* [THE DATA]:
************
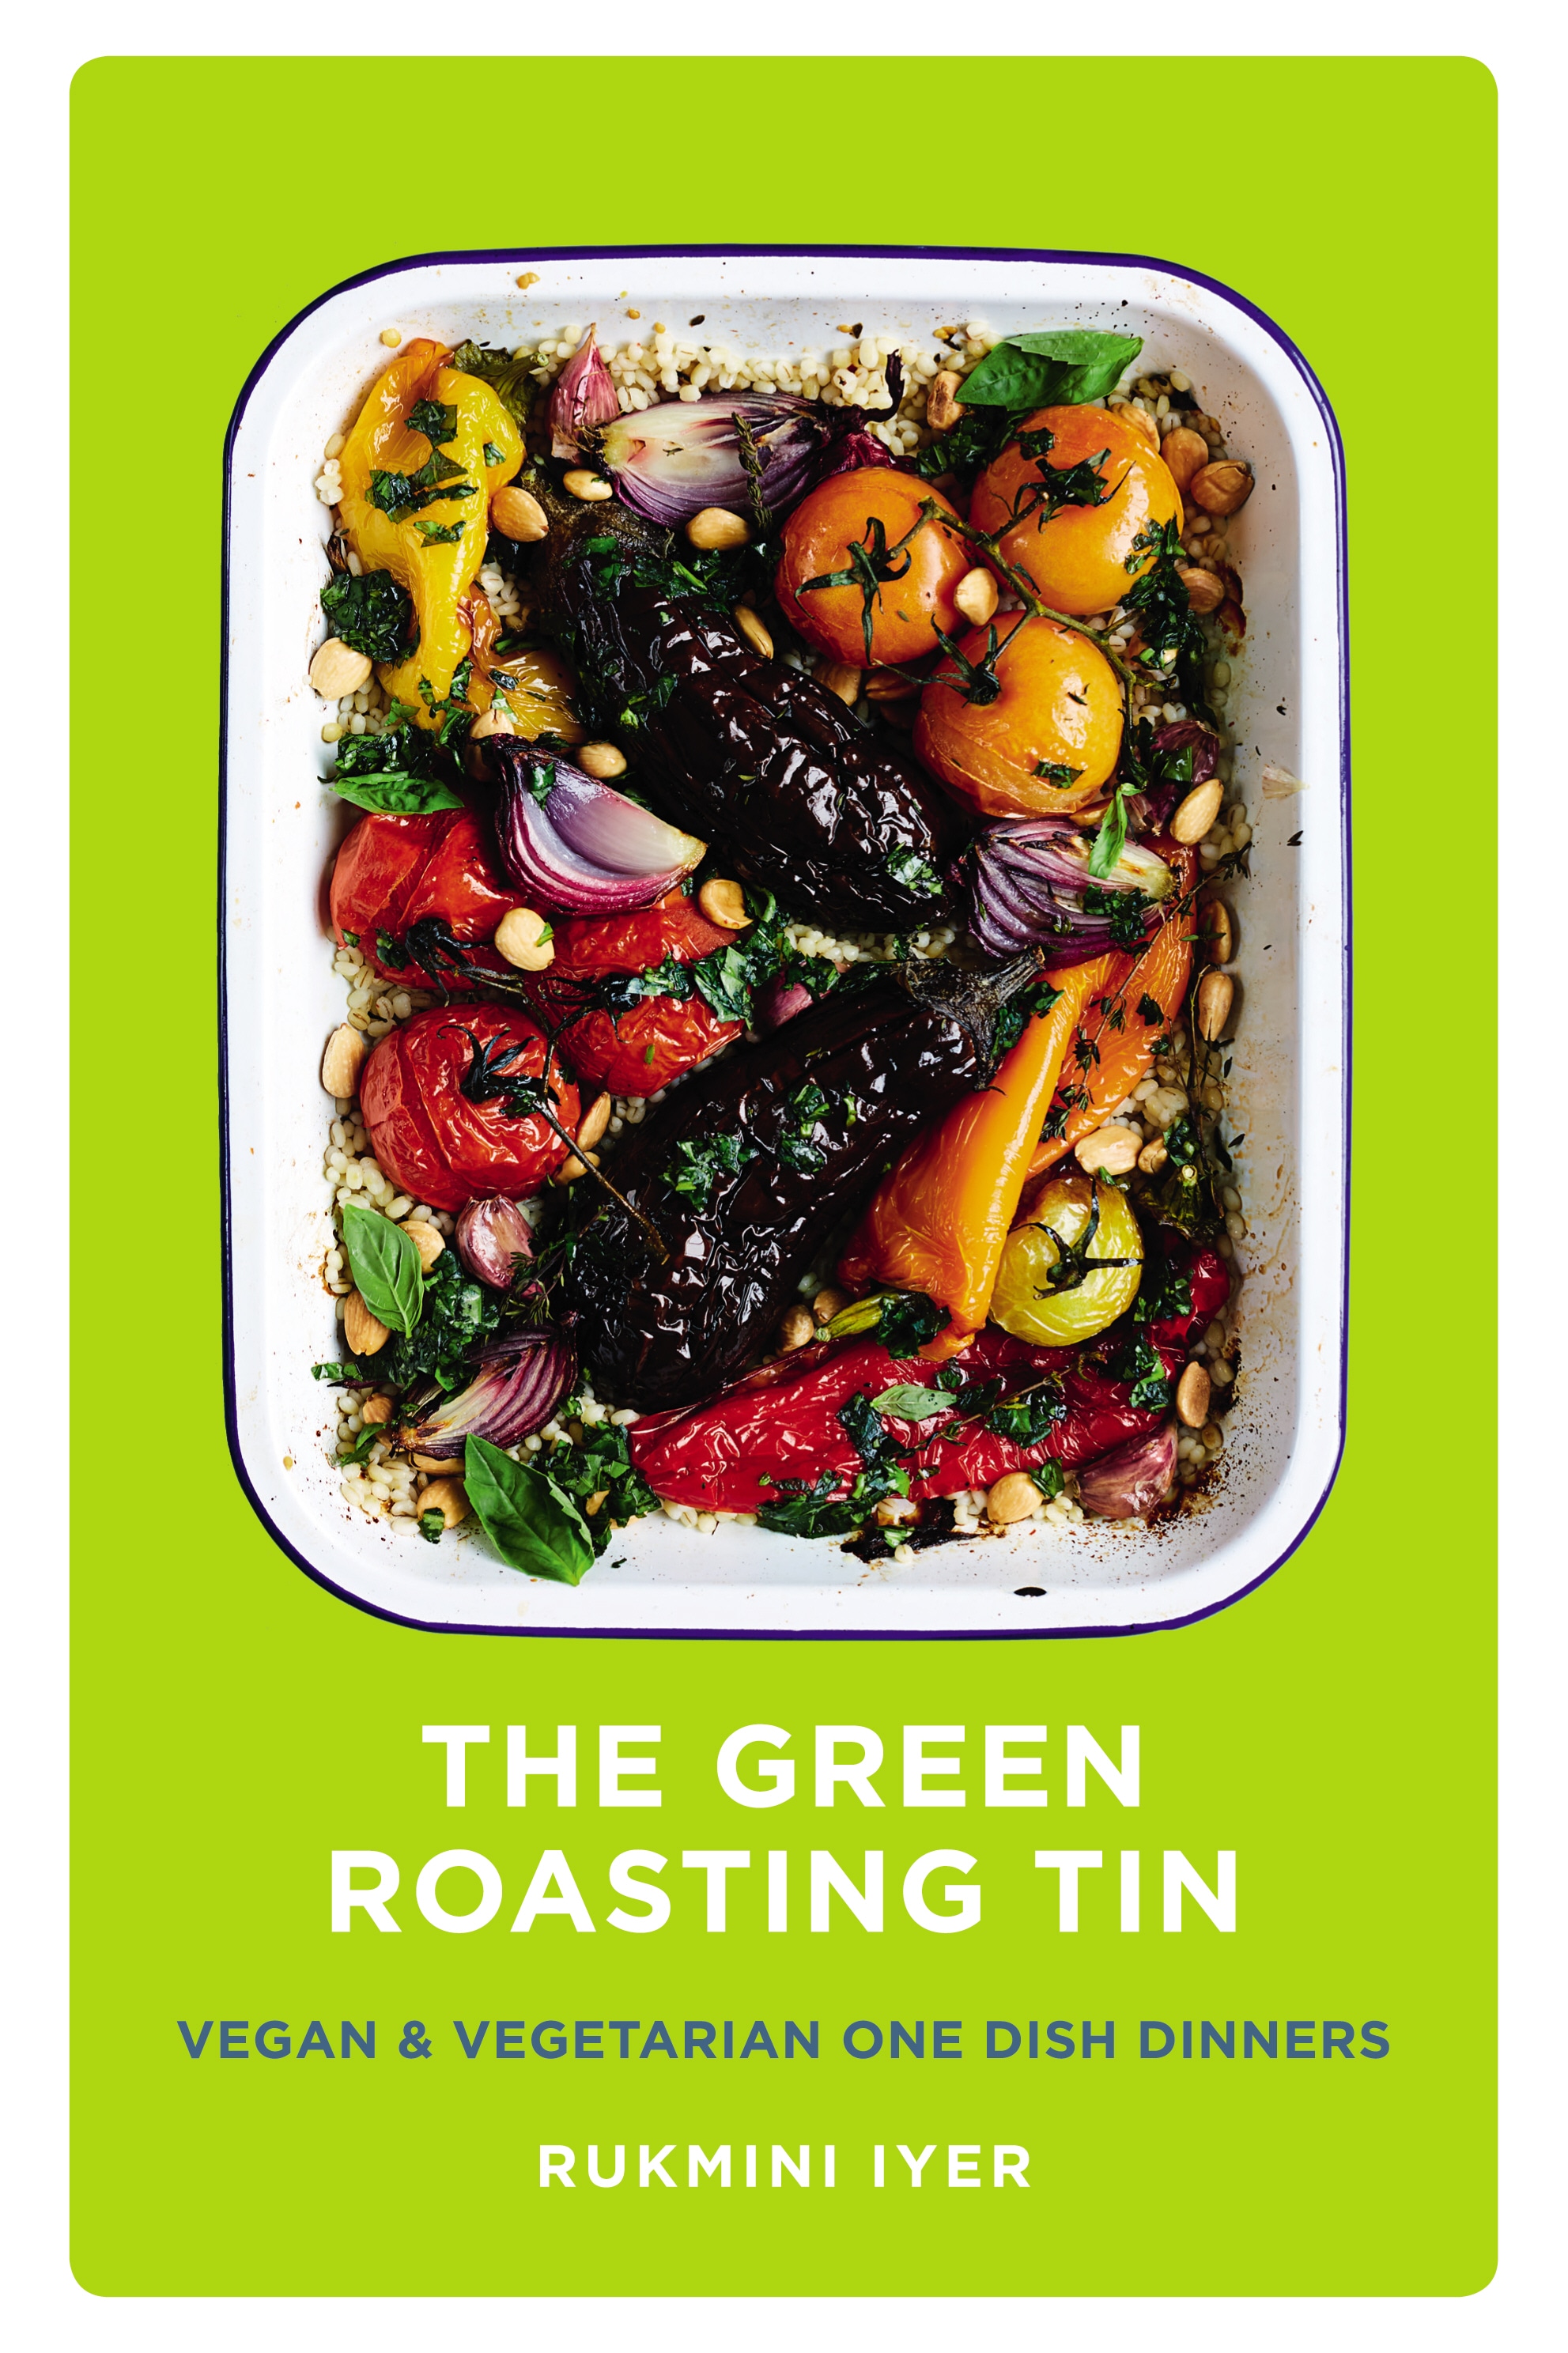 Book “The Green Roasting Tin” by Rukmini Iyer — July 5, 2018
************
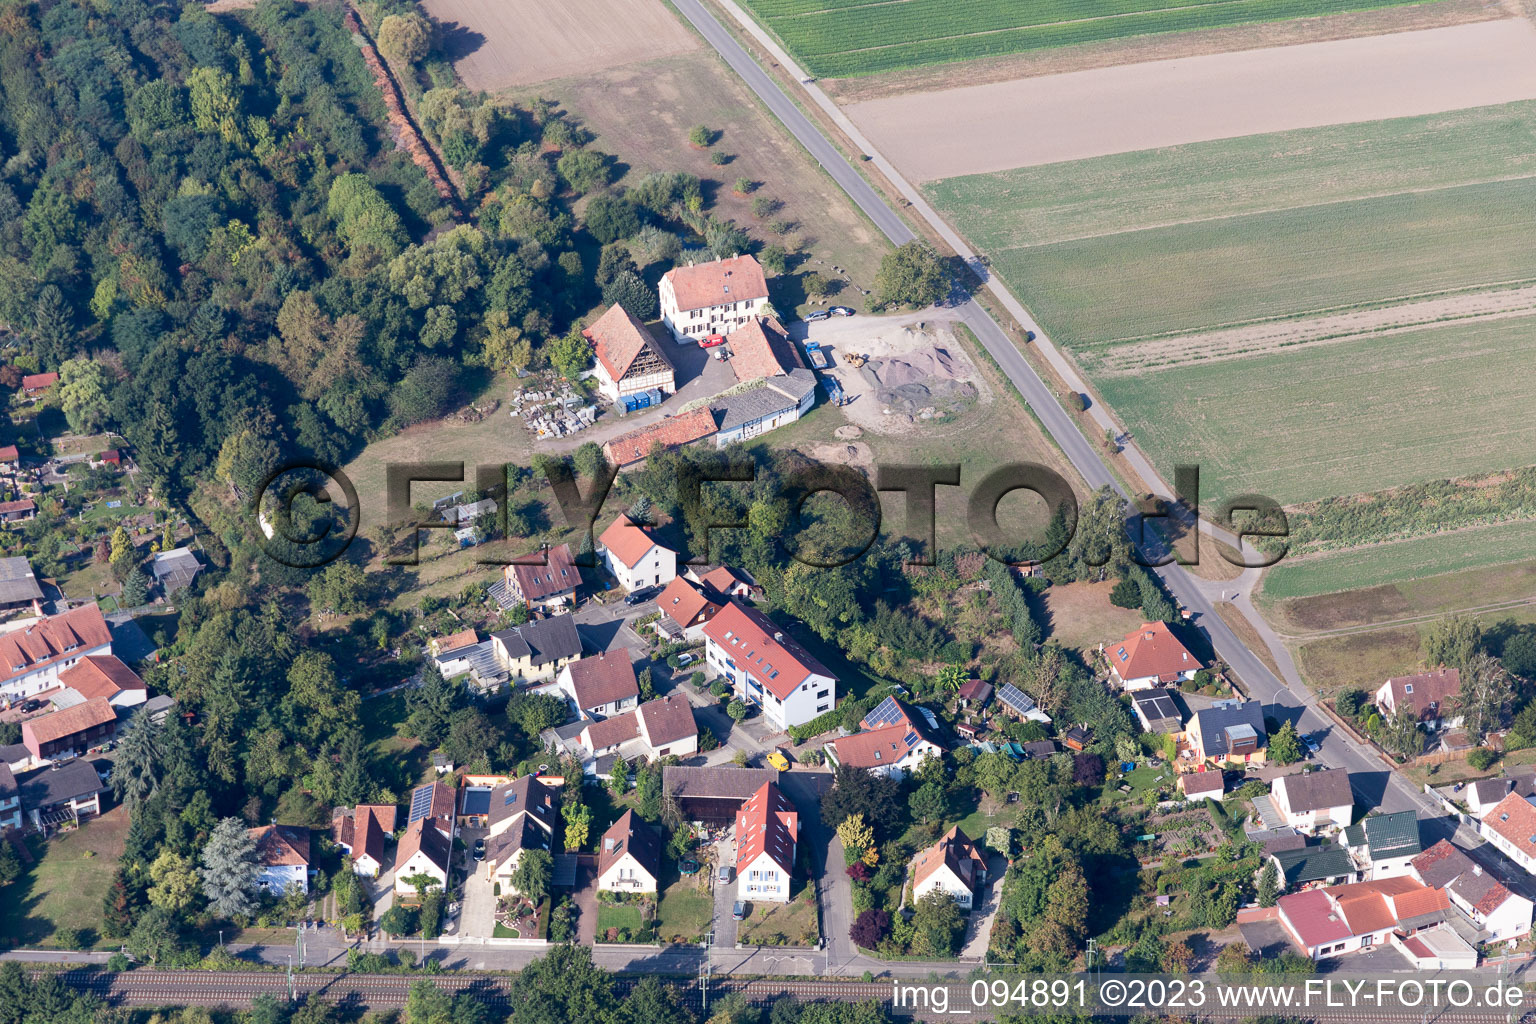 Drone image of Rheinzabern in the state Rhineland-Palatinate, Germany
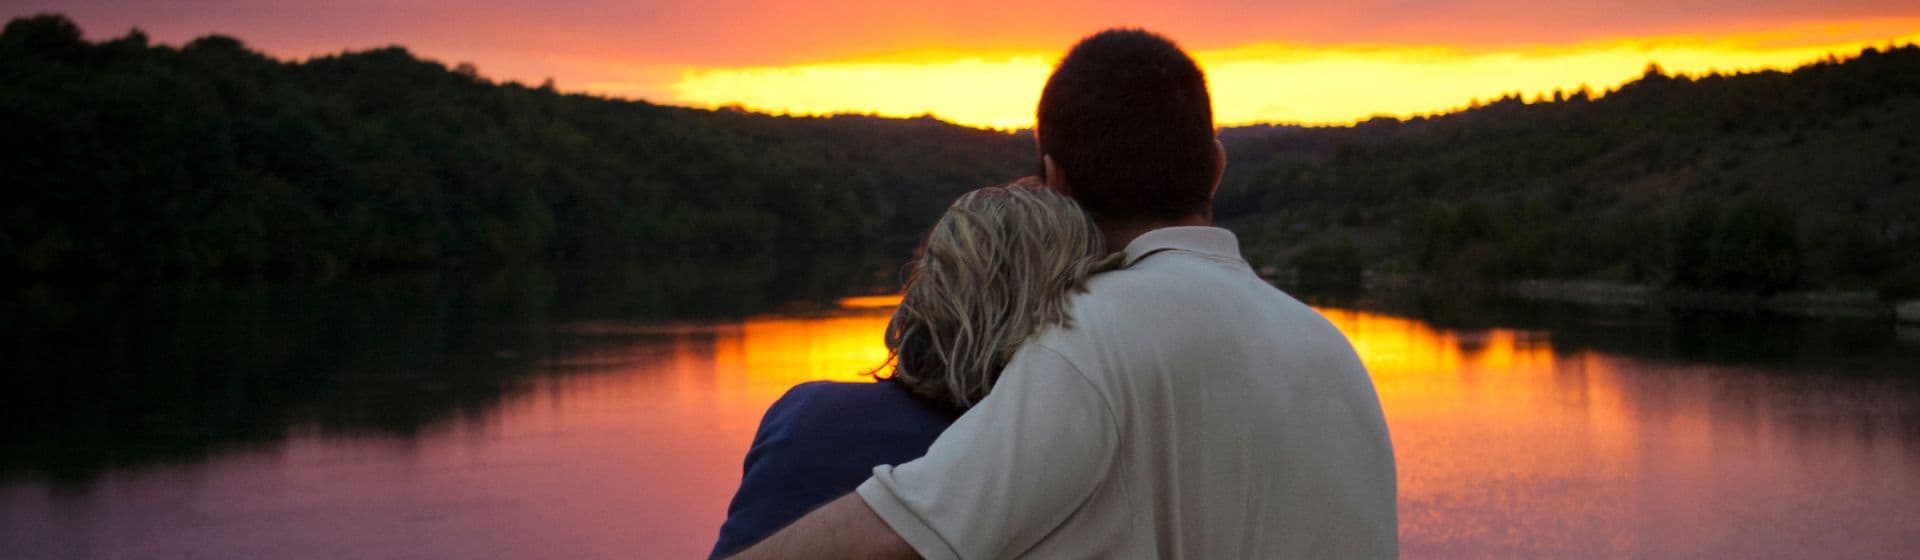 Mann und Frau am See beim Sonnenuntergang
************
* [ASSIGNED TASK]: Go back to the lines above and output, exactly as they stand, the ones from the line containing "Drone image of" to the line containing "Mann und Frau am See beim Sonnenuntergang". Leave all pictures behind.

* [SOLUTION TO THIS PROBLEM]:
 Drone image of Rheinzabern in the state Rhineland-Palatinate, Germany
 Mann und Frau am See beim Sonnenuntergang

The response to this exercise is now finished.